Pydantic just released Monty, and it might solve this problem elegantly. It’s a minimal Python interpreter written in Rust, designed specifically for AI agents to write code safely.
The Core Insight
The premise is simple but powerful: LLMs work faster, cheaper, and more reliably when they write code instead of making sequential tool calls.
This isn’t theoretical. Cloudflare documented this with “Codemode.” Anthropic’s “Programmatic Tool Calling” research confirms it. Hugging Face’s Smol Agents builds on the same principle.
The problem has always been execution safety. Until now, your options were:
| Solution | Start Latency | Security | Complexity |
|---|---|---|---|
| Docker | 195ms | Good | Medium |
| Pyodide/WASM | 2800ms | Poor | Medium |
| Sandboxing Service | 1033ms | Strict | Medium |
| Just run it (YOLO) | 0.1ms | Non-existent | Easy |
| Monty | 0.06ms | Strict | Easy |
Read that again: 0.06 milliseconds. That’s three orders of magnitude faster than Docker. Four orders faster than Pyodide.
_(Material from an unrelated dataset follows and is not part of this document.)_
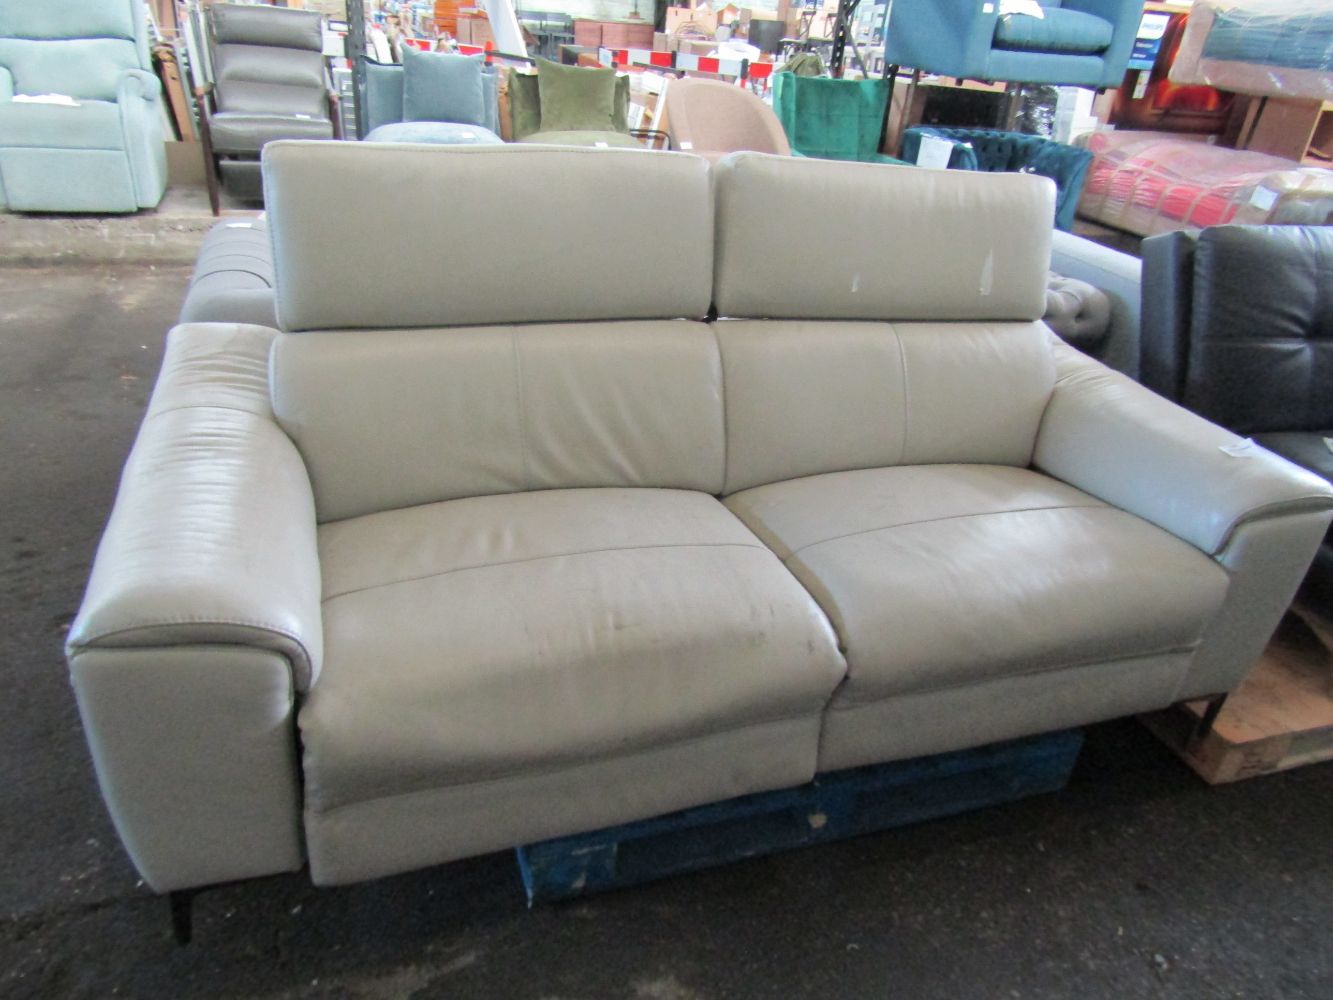 Sofas and Chairs from Costco, HSL, Swoon and more

Why does this matter? Because when your agent needs to iterate—run, check, modify, run again—those startup costs compound. A Docker-based approach might allow 5 iterations per second. Monty could theoretically do 15,000.
Why This Matters
1. Controlled Access by Design
Monty doesn’t try to be a full Python runtime. It deliberately excludes:
– Standard library (except sys, typing, asyncio, and a few others)
– Third-party packages
– Class definitions (coming soon)
– Match statements (coming soon)
This isn’t a limitation—it’s the point. Your agent doesn’t need import os to call filesystem functions. It needs controlled access to functions you explicitly provide.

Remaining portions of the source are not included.